Vamos entender o conceito por trás do Etherchannel, para depois fazermos um lab (sim é importante entender como funciona).

#show explicação brief  😅
O Etherchannel é uma maneira de agregar links Ethernet com intuito de prover um único canal (channel) virtual cuja largura de banda é a soma dos links envolvidos, além de trazer alta disponibilidade com redundância de link caso um deles caia.

what

Não entendeu?!?

Calma, relaxa que vamos revisar isso aí, mas agora com mais calma. Easy, easy.

  • Motivos para se utilizar o ETHERCHANNEL

  

etherchannel-1

Aqui vai alguns pontos importantes:

– Reunir portas para atingir maior largura de banda é descrito como Link Agregation (Agregação de Links).

– Ao fazer uso do EtherChannel, cria-se um canal de portas virtual, e a largura de banda total desse canal virtual equivale à soma dos links das interfaces participantes do canal/grupo. Sendo assim, ao agregarmos três links de 100Mbps, por exemplo, teremos um canal virtual com total de 300Mbps.

– Apenas interfaces com características iguais (velocidades, modos) nas duas pontas podem ser agrupadas no Etherchannel. Sendo assim, não é possível combinar uma interface 100Mbps numa ponta com uma de 1Gb/s na outra.

– Podemos criar até 8 links redundantes ao mesmo tempo.


  • Eu ouvi REDUNDÂNCIA?!?

Simmmm, você já deve saber os problemas que redundâncias em camada 2 podem causar e que existe um cara chamado STP que é usado para resolver essa treta aí, inibindo os loops (se você ainda não conhece o STP, é importante que pesquise sobre). Pois bem, teoricamente ao criar essa redundância de links, o STP faria isso:

etherchannel-2


Ativando o EtherChannel, o Spanning Tree trata os três links físicos como um único link virtual (port channel), fazendo com que ambas as portas possam operar em modo total de encaminhamento (forward). Conforme o print abaixo:

etherchannel-3


  • Operação do EtherChannel

Se um link físico participando do grupo cair, o EtherChannel perderá apenas a largura de banda que aquele link forneceu. Se o link físico voltar, ele será adicionado dinamicamente de volta ao EtherChannel.


  • Negociação no EtherChannel

Existe dois protocolos de negociação do EtherChannel, são eles:

– PAgP (Port Aggregation Protocol), proprietário Cisco;

– LACP (Link Aggregation Control Protocol), IEEE (802.3ad)

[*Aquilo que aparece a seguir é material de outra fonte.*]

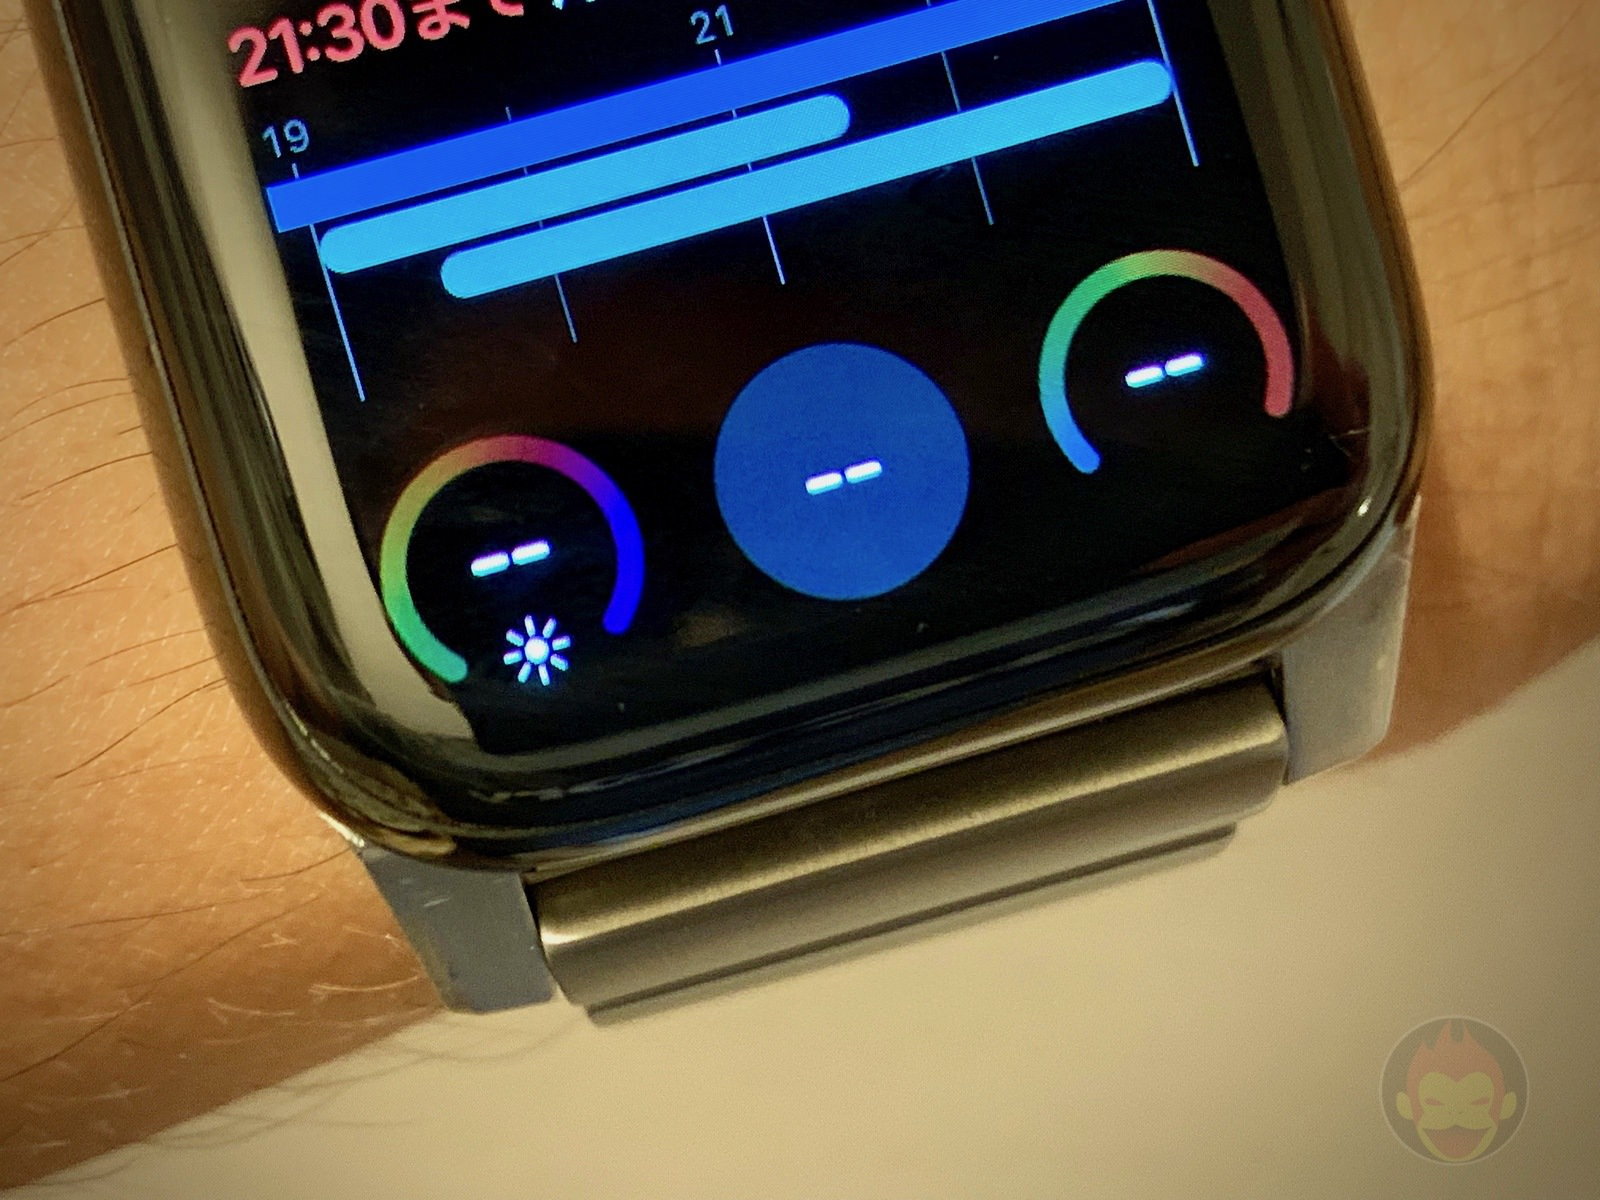 Apple Watch Error 01

São muito semelhantes no funcionamento, sendo diferentes apenas as formas de configuração nos switches. Deve-se utilizar protocolos de negociação para minimizar a chances de loops de camadas 2, pois, o canal virtual só vai subir se ambas as pontas estiverem de acordo (negociando, trocando idéia).

Qual é o mais indicado? Eu posso lhes afirmar que o LACP é o mais recomendado para novas implementações, não só por ser padrão aberto (IEEE), podendo assim interoperar com switches de outros vendors (fabricantes), mas também pelo fato de que o PAgP está prestes a ser descontinuado.


  • Modos de negociação

No que se refere ao processo de negociação, no caso do LACP temos três opções que são elas:

– active

– passive

– on


Já no PAgP as opções disponíveis são:

– desirable

– auto

– on


Os funcionamentos são muito semelhantes o active (LACP) equivale ao desirable (PAgP) e nesse modo as interfaces tentarão negociar com a outra ponta para que o canal seja estabelecido.

O modo passive no LACP (auto no PAgP) como o próprio nome diz, negocia passivamente as solicitações recebidas.


Para o canal EtherChannel é preciso que os mesmos modos de negociação estejam setados nas duas pontas ou devem se relacionar, conforme a tabela abaixo:

etherchannel-4png


  • Configuração EtherChannel (Agora simmm né! Hahaha)

etherchannel-5

Esora do lab!  👩‍💻🔥

É de lab que a gente gosta! Vamos configurar o cenário que eu mostrei nos exemplos acima, blz? Vamos usar o método LACP active para as interfaces integrantes no grupo EtherChannel do SW1.


SW1(config)#int range f0/1-3
! acessando as interfaces que serão participantes do grupo

SW1(config-if-range)#channel-group 1 mode ?
active     Enable LACP unconditionally
auto       Enable PAgP only if a PAgP device is detected

desirable  Enable PAgP unconditionally
on         Enable Etherchannel only
passive    Enable LACP only if a LACP device is detected
! exibindo modos disponíveis de negociação

SW1(config-if-range)#channel-group 1 mode active
! selecionando modo active (LACP)

SW1(config-if-range)#
Creating a port-channel interface Port-channel 1
! automaticamente a interface virtual EtherChannel (Port-channel 1) é criada.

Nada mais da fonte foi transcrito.